13 November 2008

The Baader-Meinhof Complex

I grew up in the 1970's, the era of the Red Brigades, the Japanese Red Army and the Red Army Faction. Growing up in Belfast, though, the news was dominated by the actions of our home-grown terrorists factions. Over the years the seemingly endless stream of television programmes and films about the violence in Northern Ireland generated outrage and anger and accusations of sympathy for terrorists.

The recent release of a German film telling the story of the Red Army Faction - the Baader-Meinhof Gang - has created a similar response here in Germany. Here is how Spiegel summarised the debate shortly after the film's release:
Amid accusations its makers are guilty of "hero worship" and glorifying murderous activists with "terrorist-chic," a new German film that recreates the dramatic history of 1970s terrorist gang the Red Army Faction (RAF), is becoming a lightning rod for impassioned protests from spouses and children of those killed by the group.
Not everyone is hostile. Jörg Schleyer, whose father was kidnapped and murdered, welcomed the film:
"You see how my father's chauffeur and another passenger in the car were just slaughtered," he said. "It hurt me to watch it but it is the only way to make clear to young people how brutal and bloodthirsty the RAF was at the time."
The unease the film has created is not surprising. 1977, the year Hanns-Martin Schleyer was kidnapped and murdered, is no so long ago. Who knows what sympathies many of the generation now in their 50's held thirty years ago when they were in their 20's.

Here's what Suddeutsche Zeitung (quoted in Spiegel) had to say thirty years on from Germany's 'Autumn of Terror' in 1977.
This RAF was a criminal product of the decay of '68 generation, who demanded an explanation from their parents, a guilty plea and atonement for the crimes of National Socialism. It grew out of a generation that wanted to reclaim moral integrity for itself. But with the kidnapping and murder of Schleyer, this integrity was perverted. The RAF shot Schleyer in a Gestapo- and SS-like manner.
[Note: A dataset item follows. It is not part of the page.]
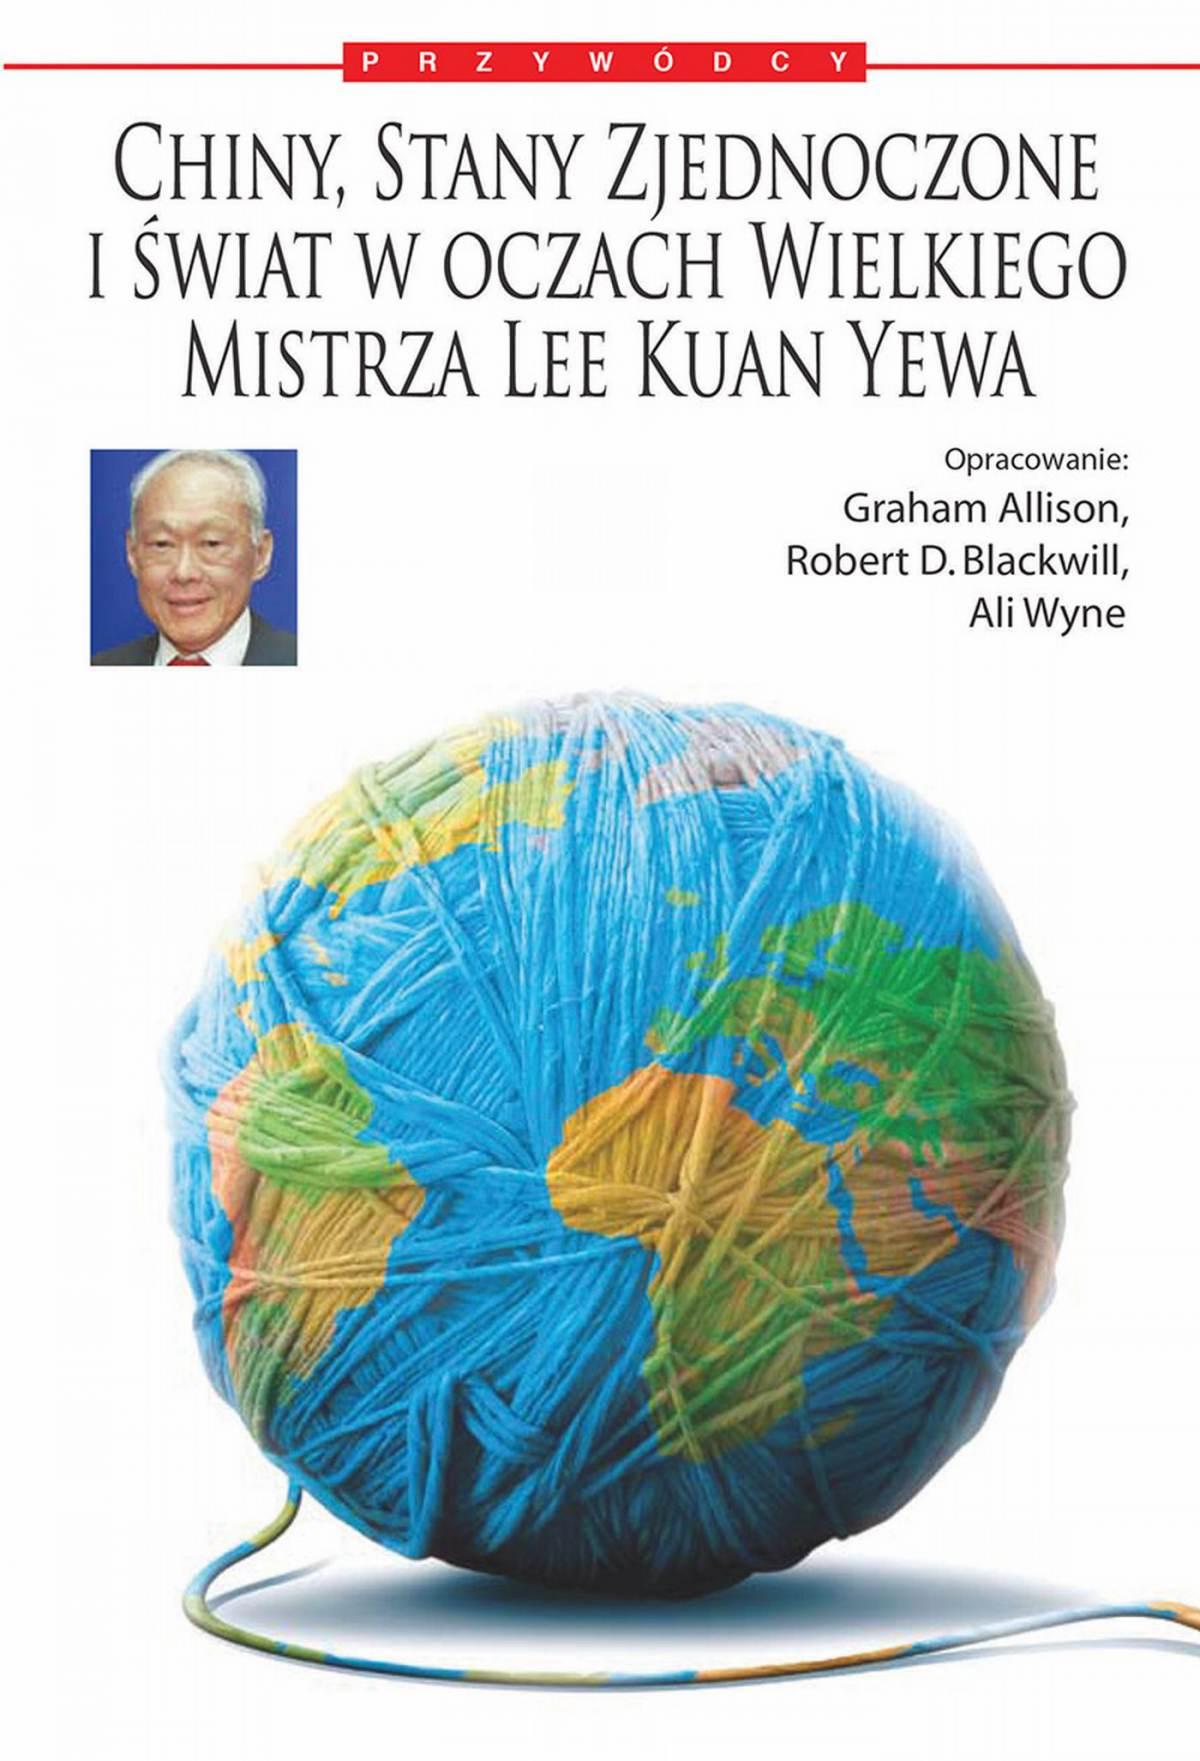 Chiny, Stany Zjednoczone i świat według Wielkiego Mistrza Lee Kuan Yewa - Ebook (Książka PDF) do pobrania w formacie PDF

With the photos of the humiliated man…these fanatical moralists proved that they were self-righteous executioners.

The longer the hostage crisis lasted, the more bitterly those who saw these images fought alongside the victim - independently of one's political beliefs, age or generation.

In these images, you see the hubris of a few dozen people, who saw themselves as the violent executors of history who had declared war against the state. These photos did not unmask 'the System;' they exposed the RAF. They brought to a conclusive end the hidden warm sympathies felt for the RAF among parts of the left. Moreover, the Schleyer photos destroyed the self-righteous morality of the post-war generation; it froze the pose of arrogance.
English speaking viewers will get a chance to judge the merits of the film for themselves when it opens in the UK and Irleand (though not in Northern Ireland) tomorrow. There is also a trailer for the film on the website.